Environmental Partnerships
Currently, the UN lacks the technical capacity to implement a strategy to address the scale of restoration needed on its own and is looking to corporate partners like WSP to help guide its successful development.
“WSP has over three decades of experience restoring habitats, which has culminated in over 10,000 acres of restored habitats,” Brunton said. “We have one of the largest benches of restoration experts in any organization. Pairing our technical strength – both by numbers and range of expertise we have – with our global reach makes our firm an ideal partner for this initiative.”
WSP has been involved in several ecological restoration projects that exemplify the goals of the UN Decade on Ecosystem Restoration initiative, including:
Higbee Beach Tidal Wetland Restoration – The restoration of several hundred acres of marsh into a greenway near Cape May, New Jersey is providing habitat for migratory species, and supports maritime and early successional forest, as well as a public access network. WSP’s restoration design is grounded in science and supported by extensive baseline studies, including hydrodynamic modeling, extensive sediment sampling, and detail threatened and endangered species surveys.
Saw Mill Creek Wetland Mitigation Bank – A 68-acre wetlands area on Staten Island has been threatened by flooding, invasive weeds and illegal dumping for years, and suffered severe degradation following Superstorm Sandy in 2012. To turn the tide, the New York City Economic Development Corporation selected WSP to provide wetland restoration for New York City’s first wetland mitigation bank.
Comprehensive Everglades Restoration Plan – WSP is providing the South Florida Water Management District with scientists, engineers and restoration specialists to protect the water supply and control flooding in the region by preventing saltwater intrusion, encouraging responsible agriculture and urban development, and preserving fish and wildlife habitat in the Everglades.
Lincoln Park Wetlands Restoration – A large tidal marsh was designed by WSP to fit into the natural landscape adjacent to Lincoln Park in Jersey City, which had become a landfill without a permit. Today the wetlands, streams and salt marshes, once blighted with debris, are now restored with 42 acres of tidal habitats, new inter-tidal channels, and public walking trails.

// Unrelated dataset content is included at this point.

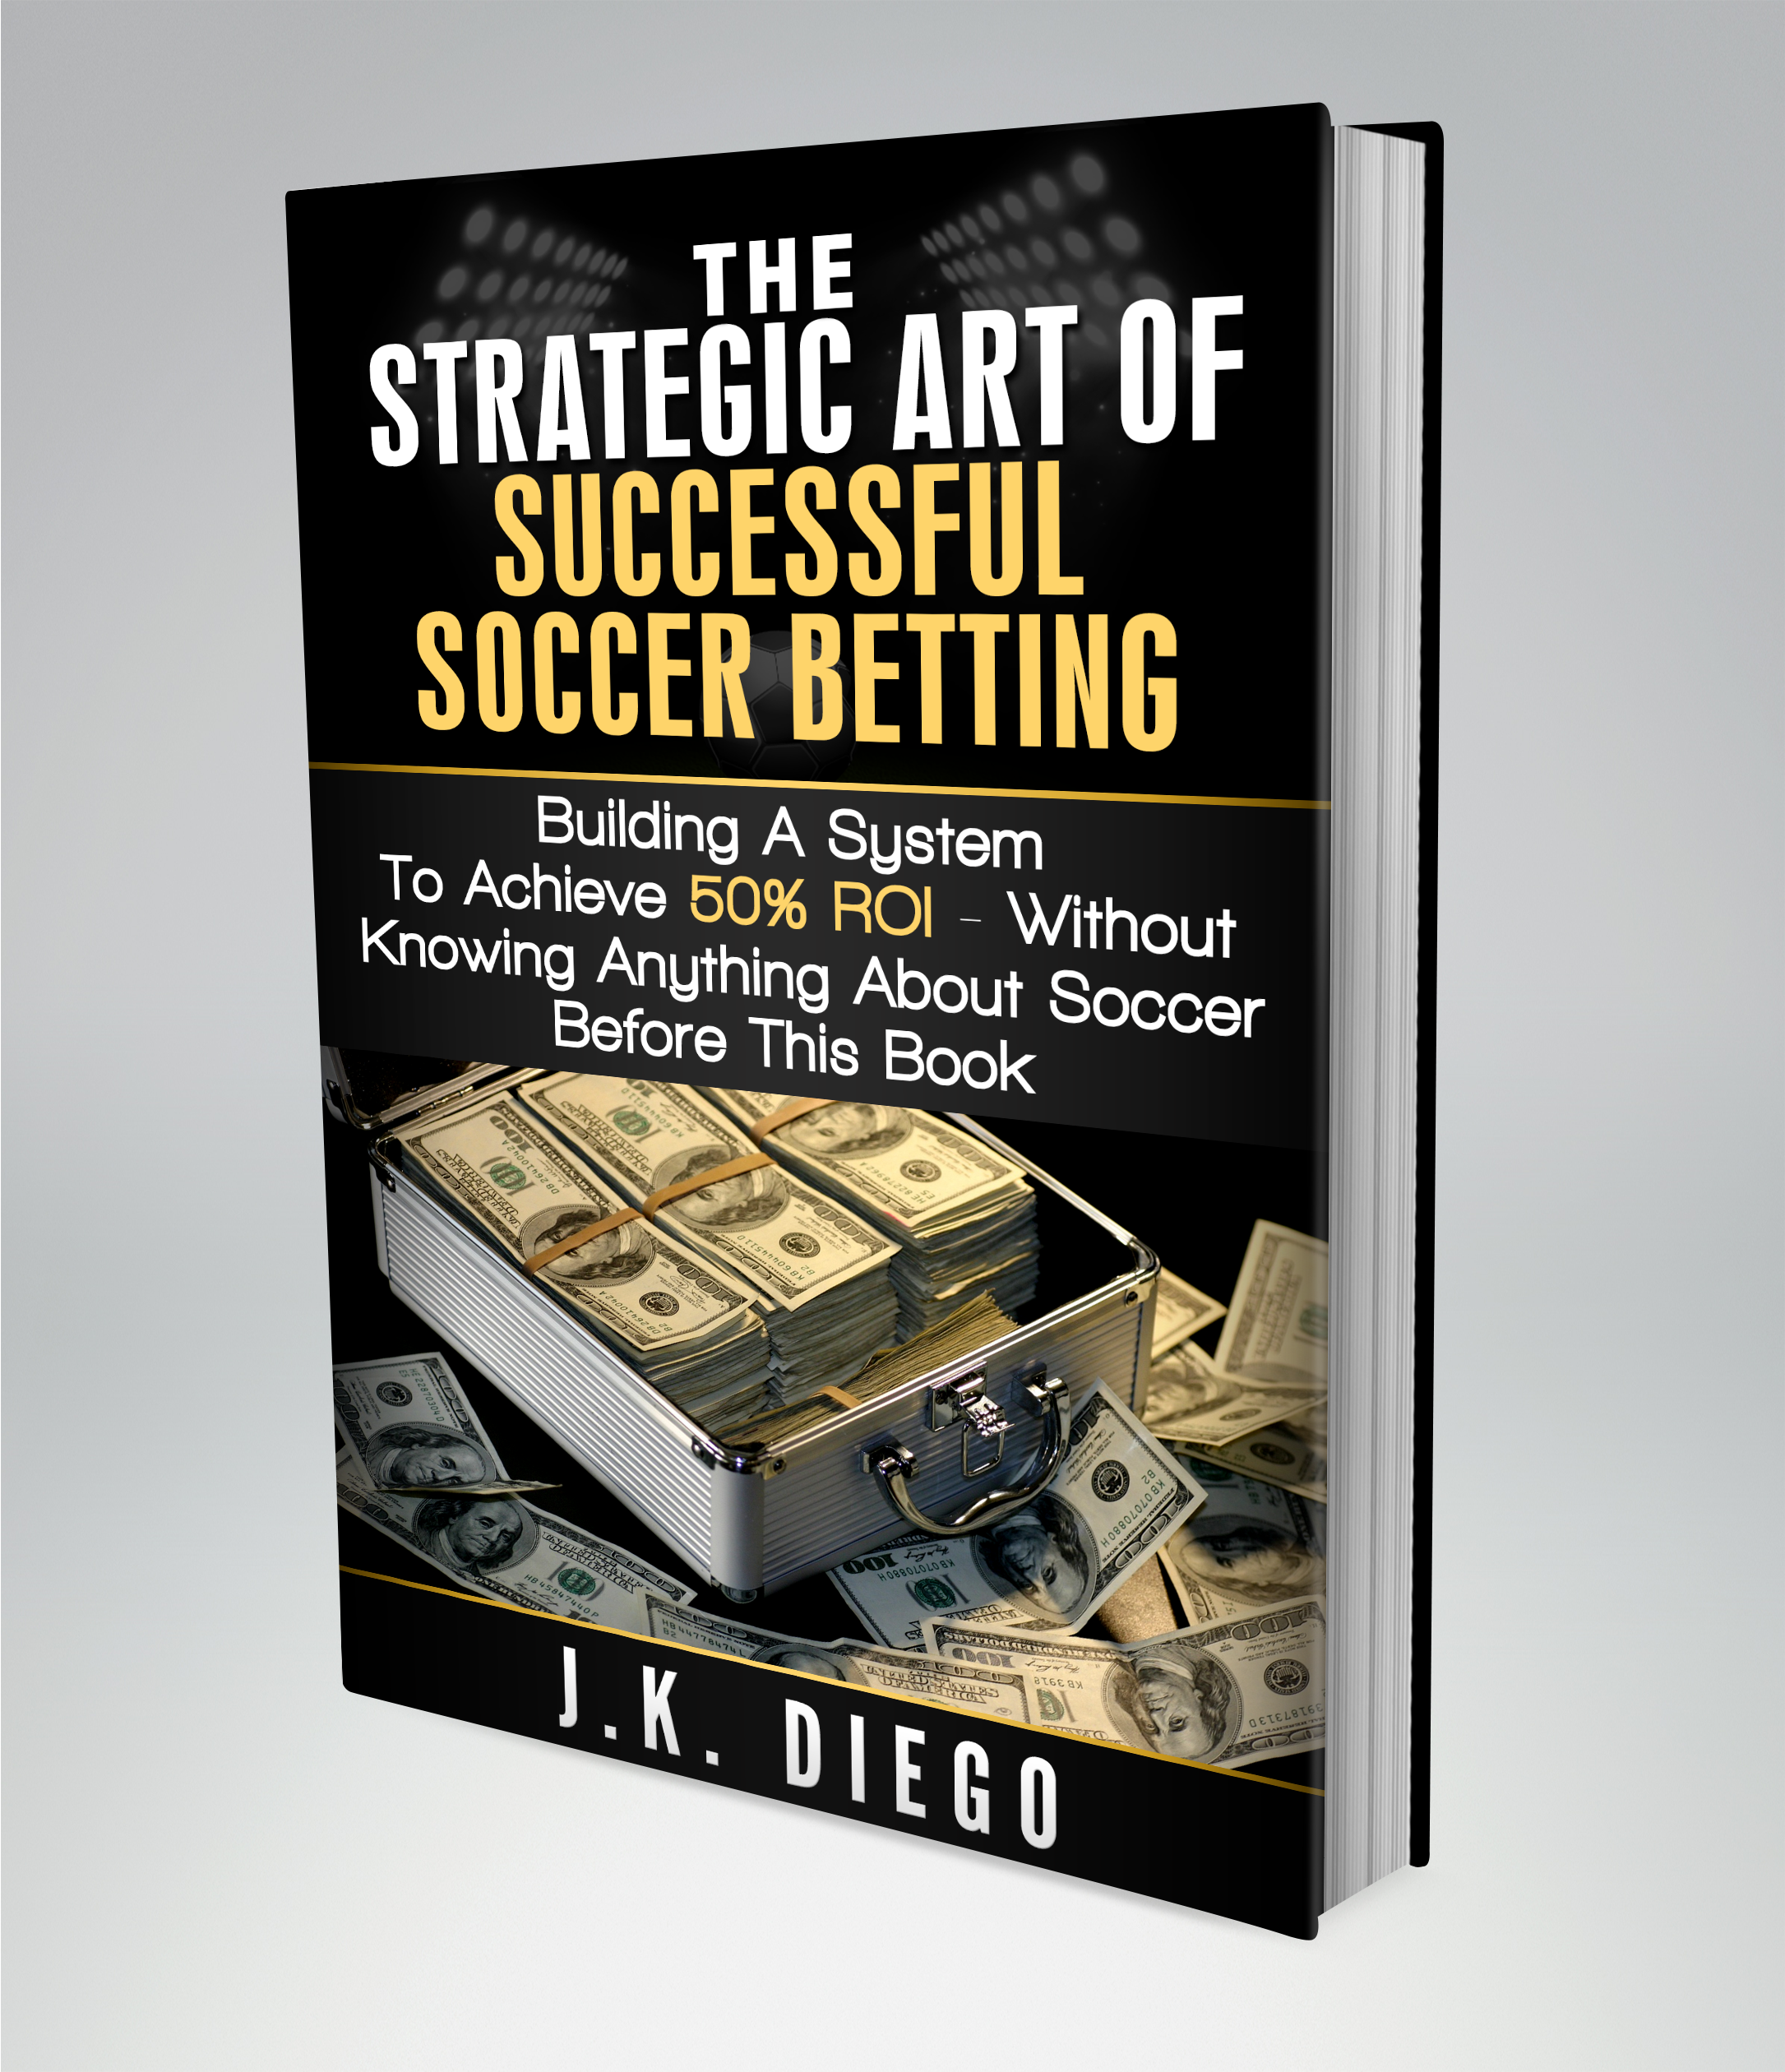 The Strategic Art of Successful Soccer Betting - J.K. Diego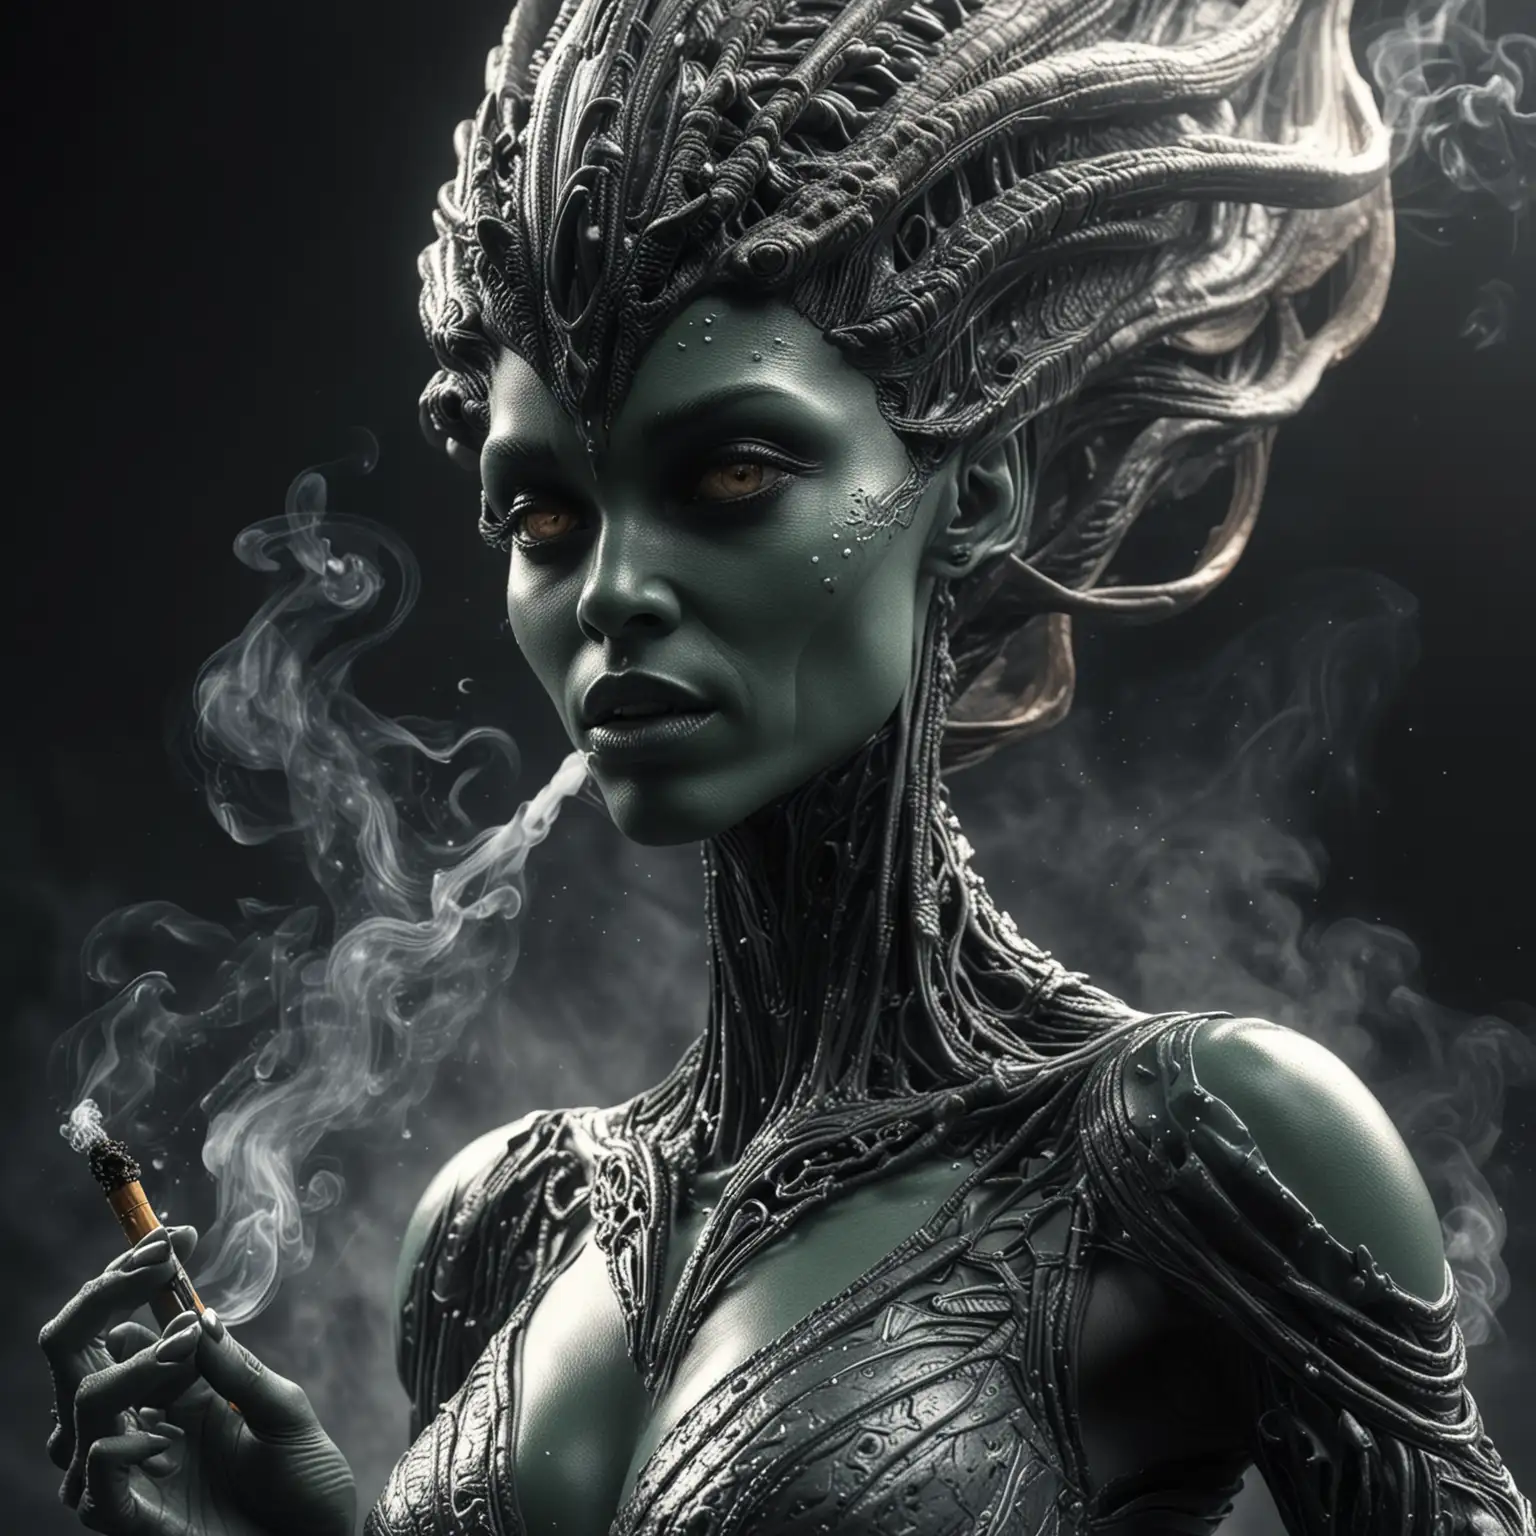 Seductive Alien Goddess Exudes Passion in Enigmatic Smoke

Wisconsin Point Dune Restoration – A three-mile-long natural sand spit along Lake Superior, part of one of the longest freshwater sandbars in the world and a popular recreation area, had become degraded by excessive heavy foot traffic and activity, destabilizing the shoreline. WSP provided environmental and resilient design services to restore and stabilize 48,000 square feet of sand dune habitat.
Future Generations
The work carried out today will leave a legacy for future generations, and Brunton believes that this initiative is one way to establish tangible positive impacts in our own generation.
“We have the understanding of the negative impacts of habitat degradation on climate change, food security, and biodiversity; and we also know the substantial benefits gained from uplifting degraded habitat to high functioning systems,” Brunton said. “What we have not done effectively is integrate these facts into the political and economic engines that are driving protection and restoration of habitat. This initiative aims to infuse a respect for habitat health into the global culture.”
She believes it is possible to map ways for development to progress in balance with the global health.
“We have not run out of time to repair the imprint we have left on the earth’s landscape,” Brunton said. “It will require slicing the problem from many angles – economic, political, cultural. The UN is the one entity infused globally whose network and influence can forge the change needed.”